Assignment. Copy the data that follows exactly, and include none of its images.

Input data.

________________________________________

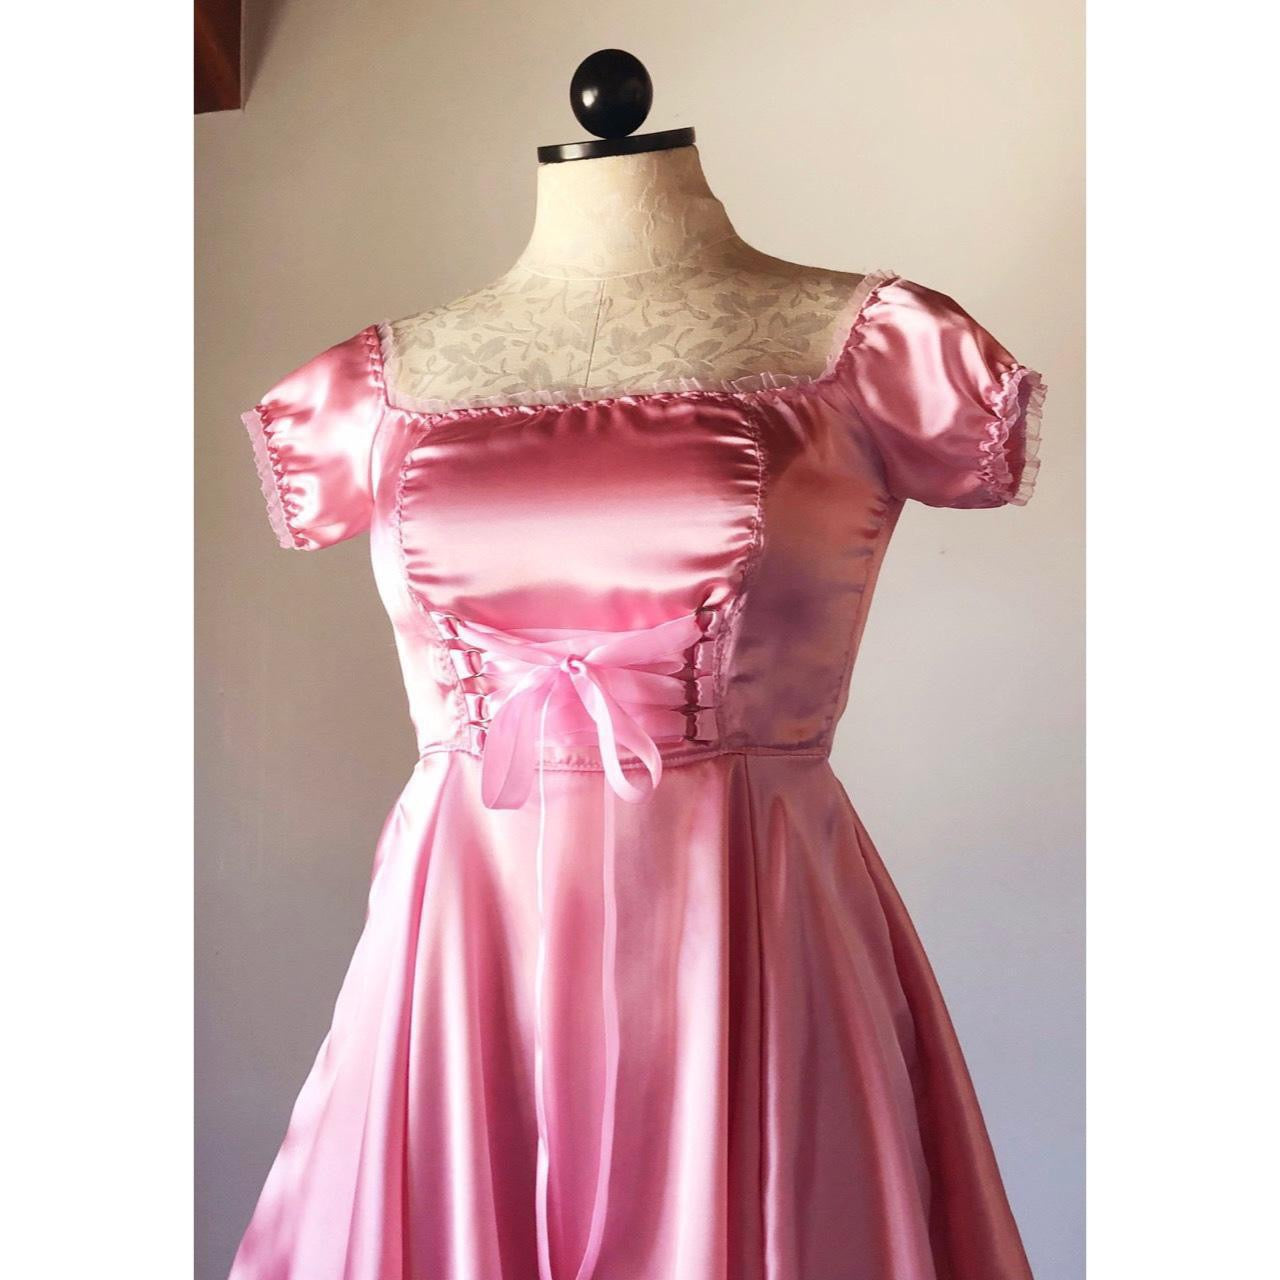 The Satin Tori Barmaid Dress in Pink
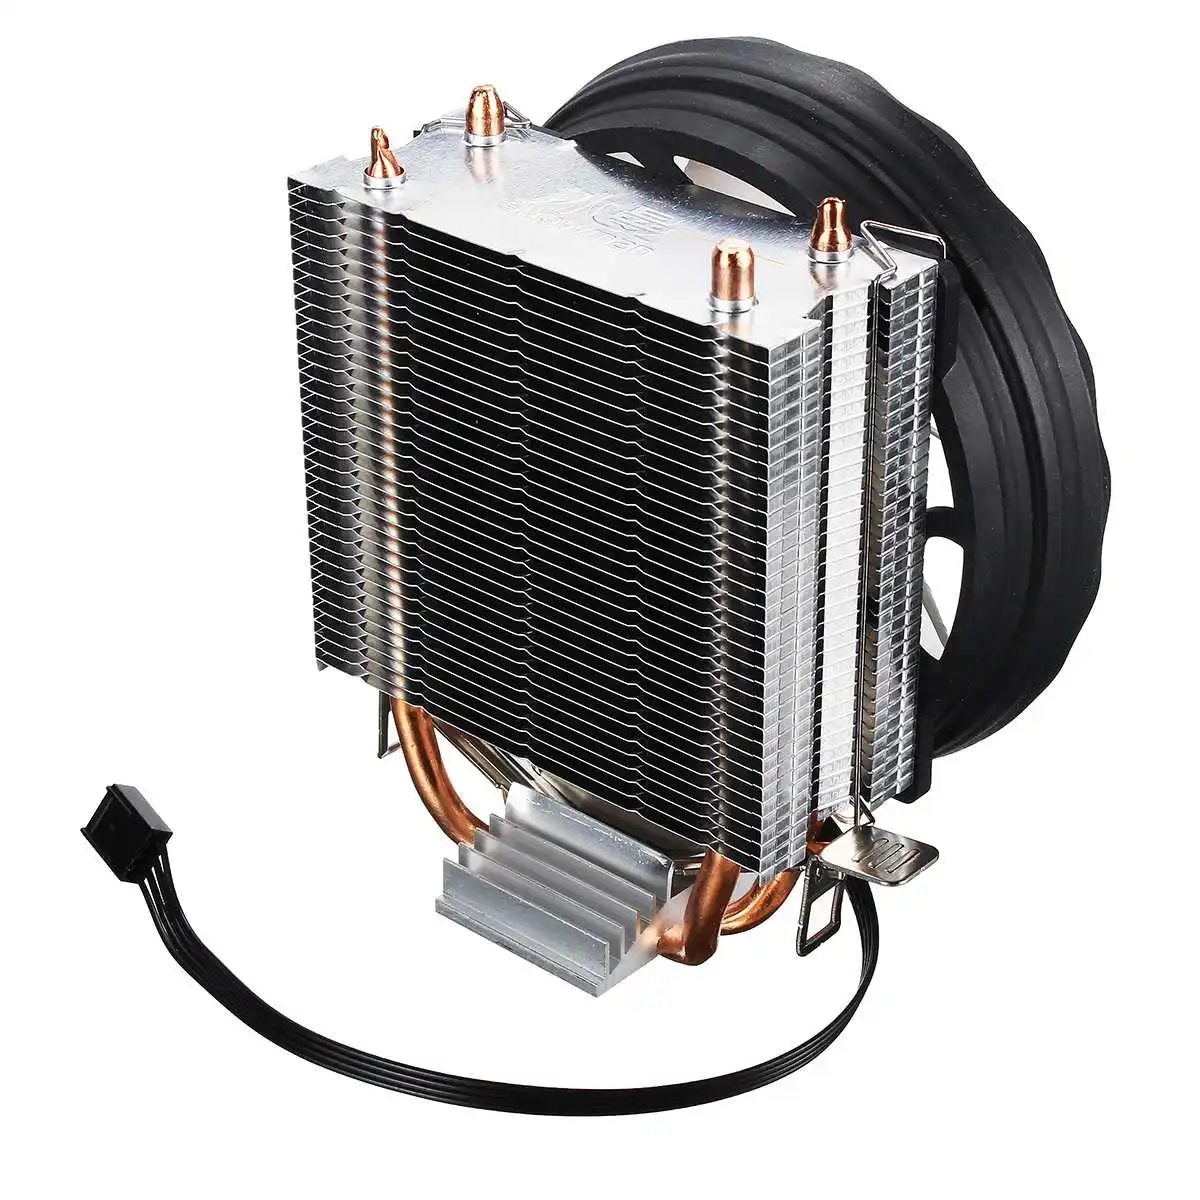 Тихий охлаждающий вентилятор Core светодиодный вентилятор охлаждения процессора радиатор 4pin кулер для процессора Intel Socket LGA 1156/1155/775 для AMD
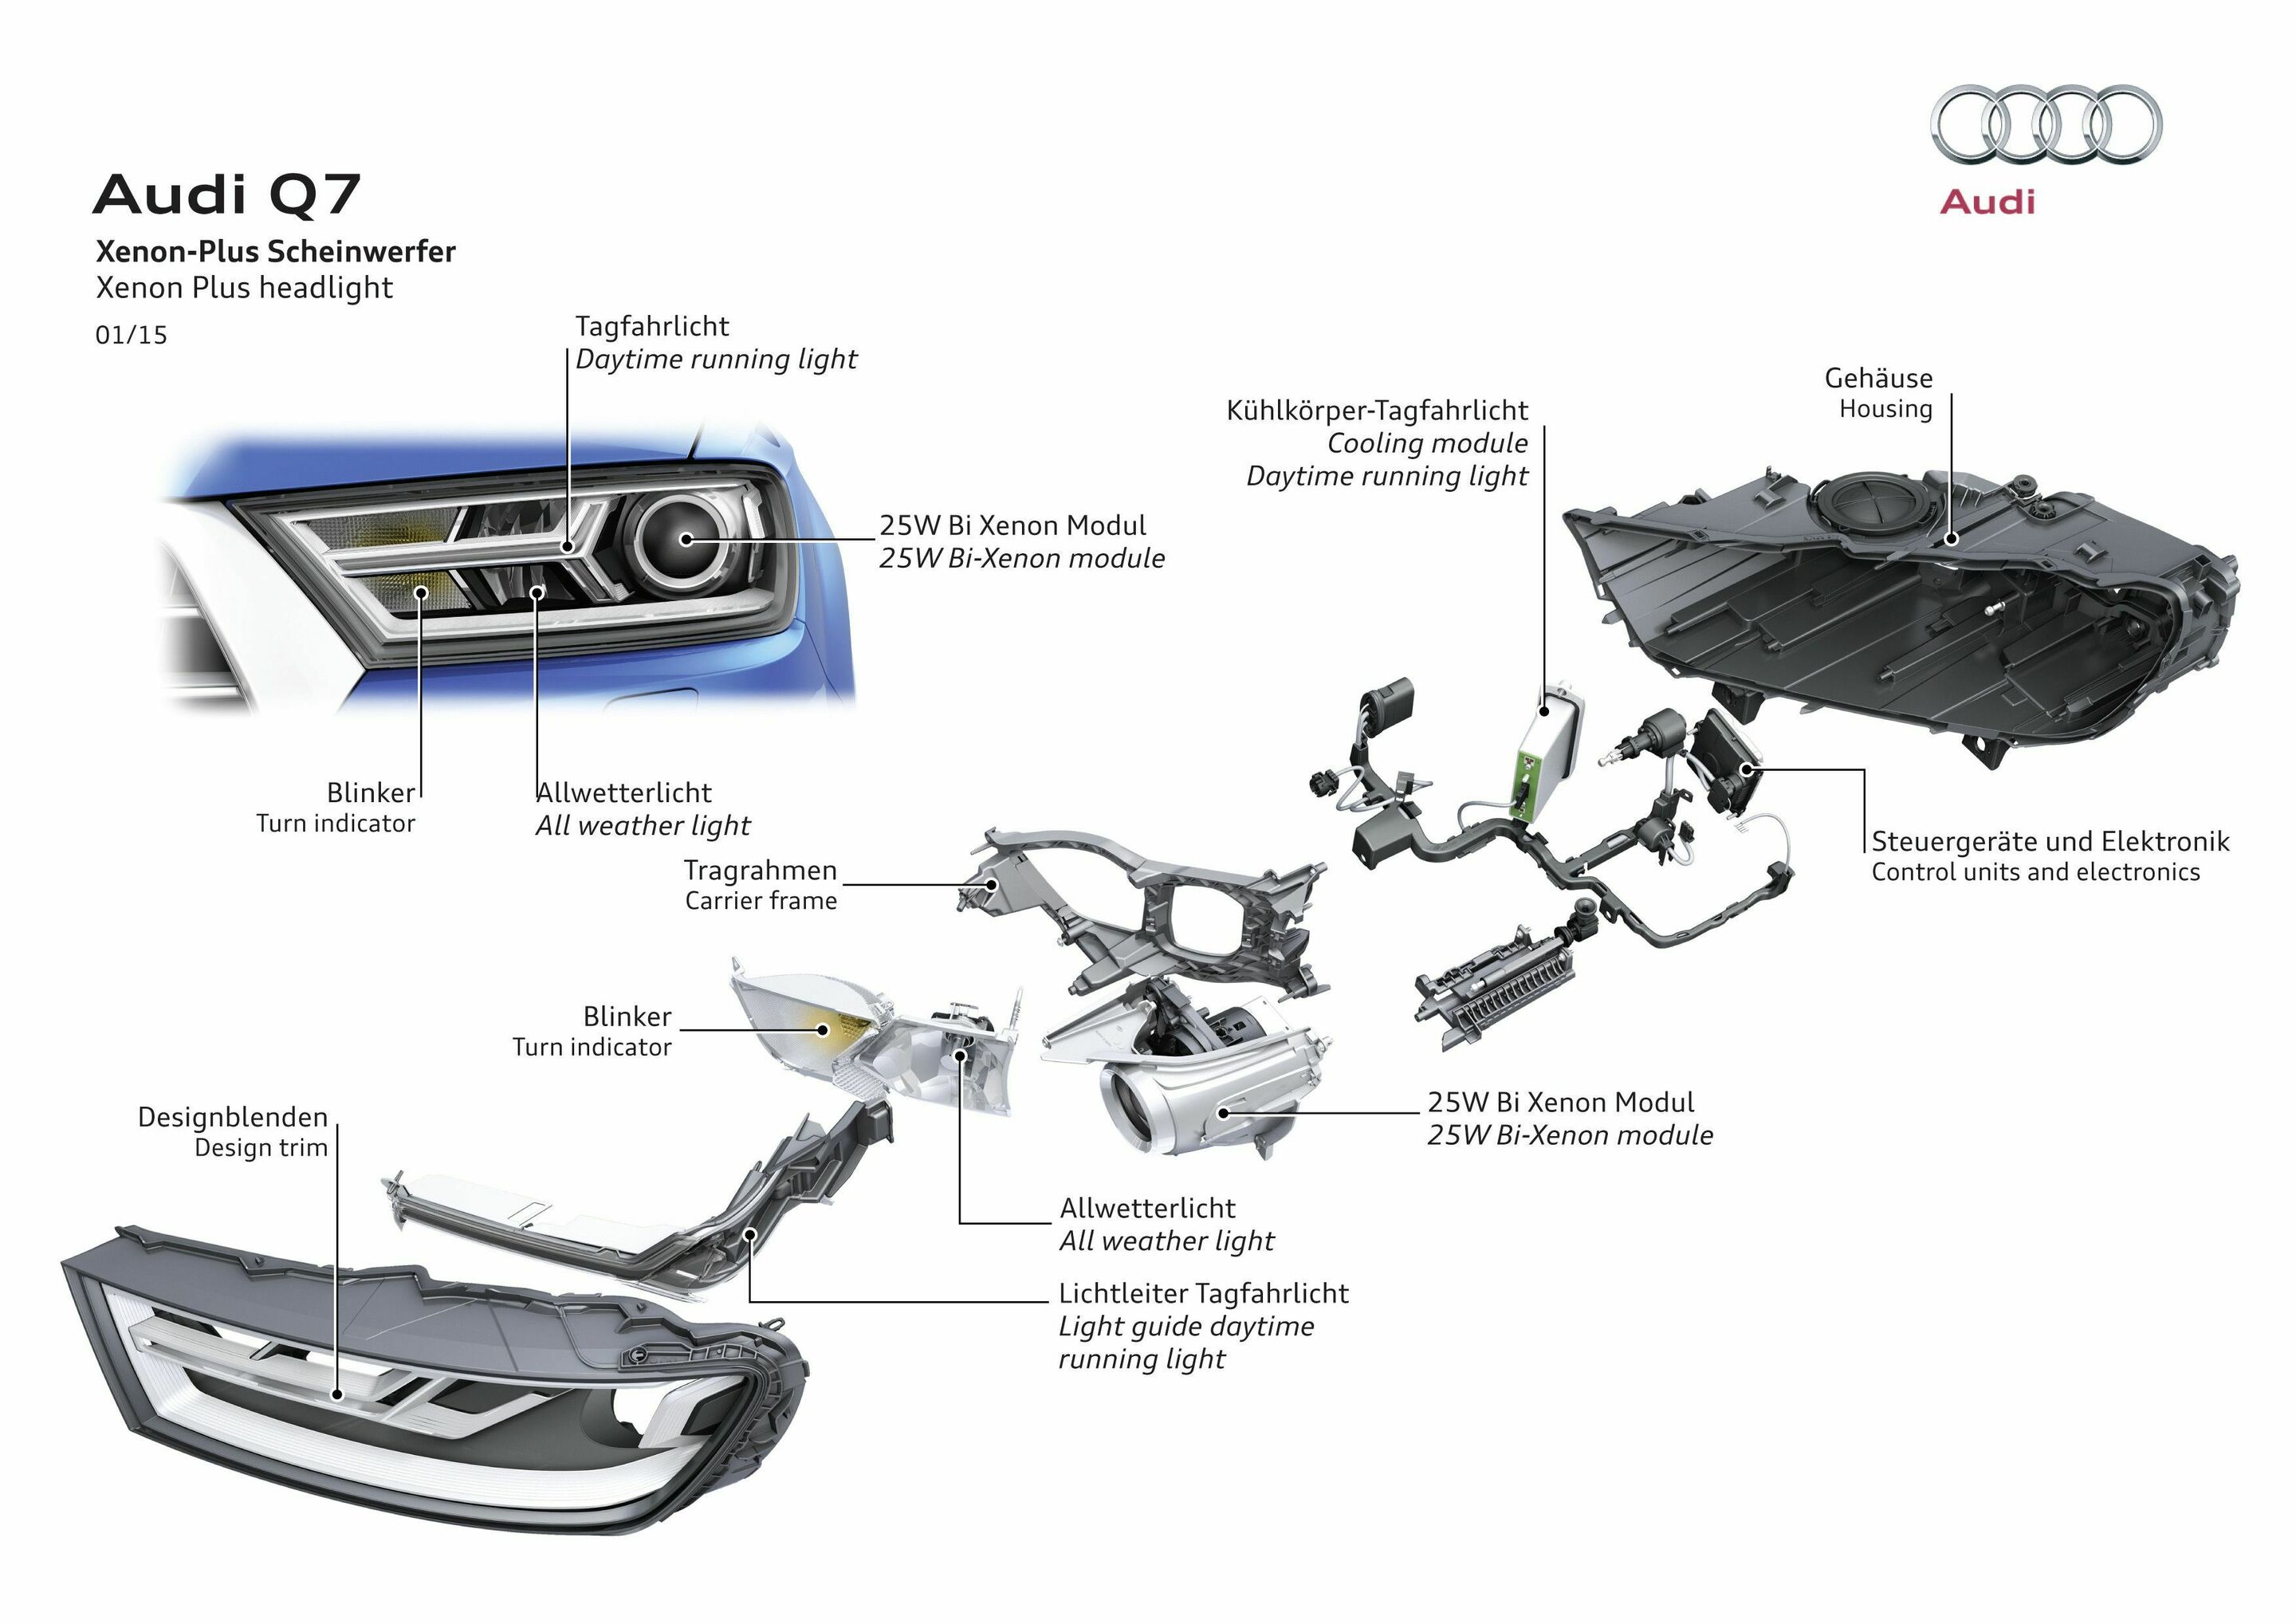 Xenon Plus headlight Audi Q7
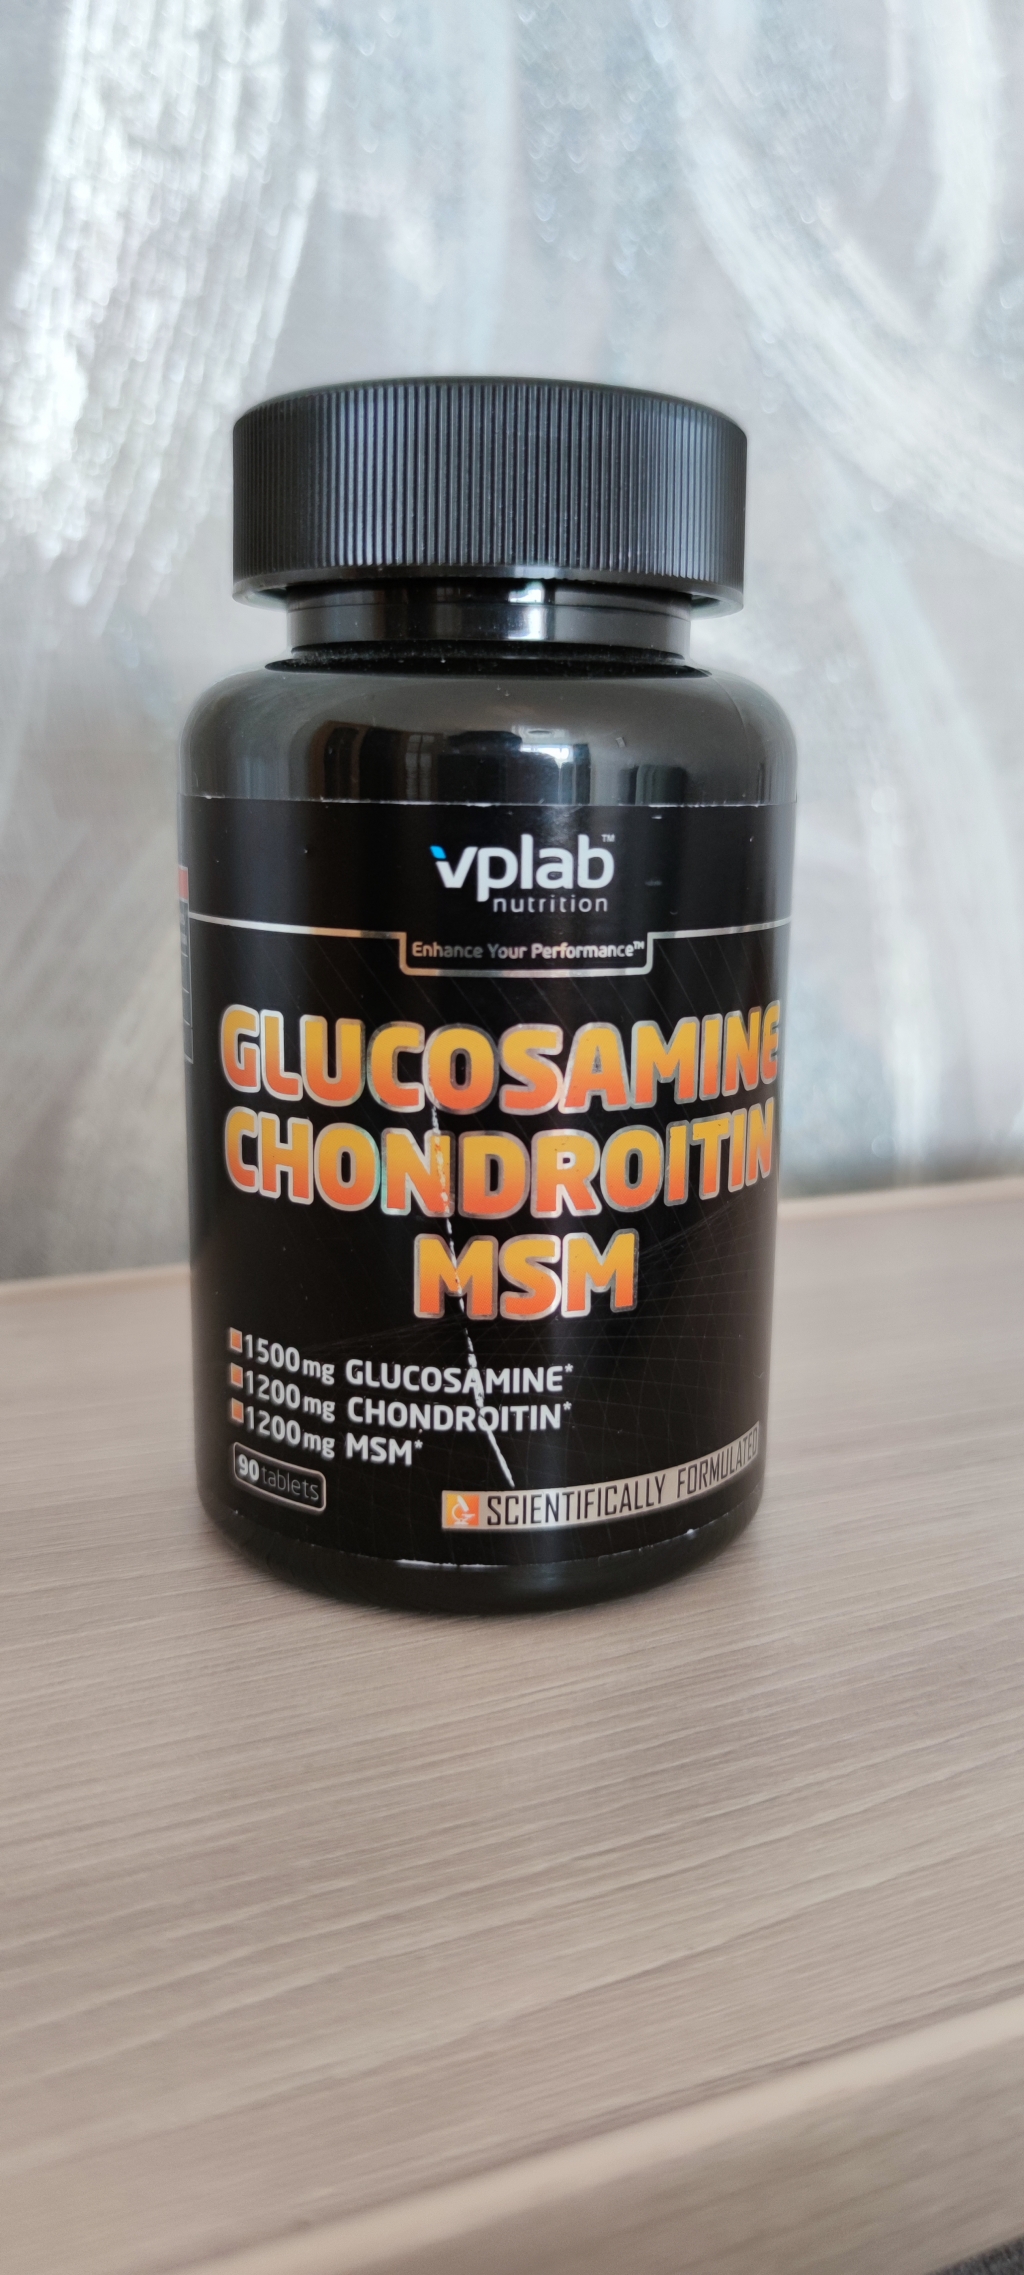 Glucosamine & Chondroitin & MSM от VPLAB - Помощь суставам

________________________________________

Result of this task.
 The Satin Tori Barmaid Dress in Pink
 Тихий охлаждающий вентилятор Core светодиодный вентилятор охлаждения процессора радиатор 4pin кулер для процессора Intel Socket LGA 1156/1155/775 для AMD
 Xenon Plus headlight Audi Q7
 Glucosamine & Chondroitin & MSM от VPLAB - Помощь суставам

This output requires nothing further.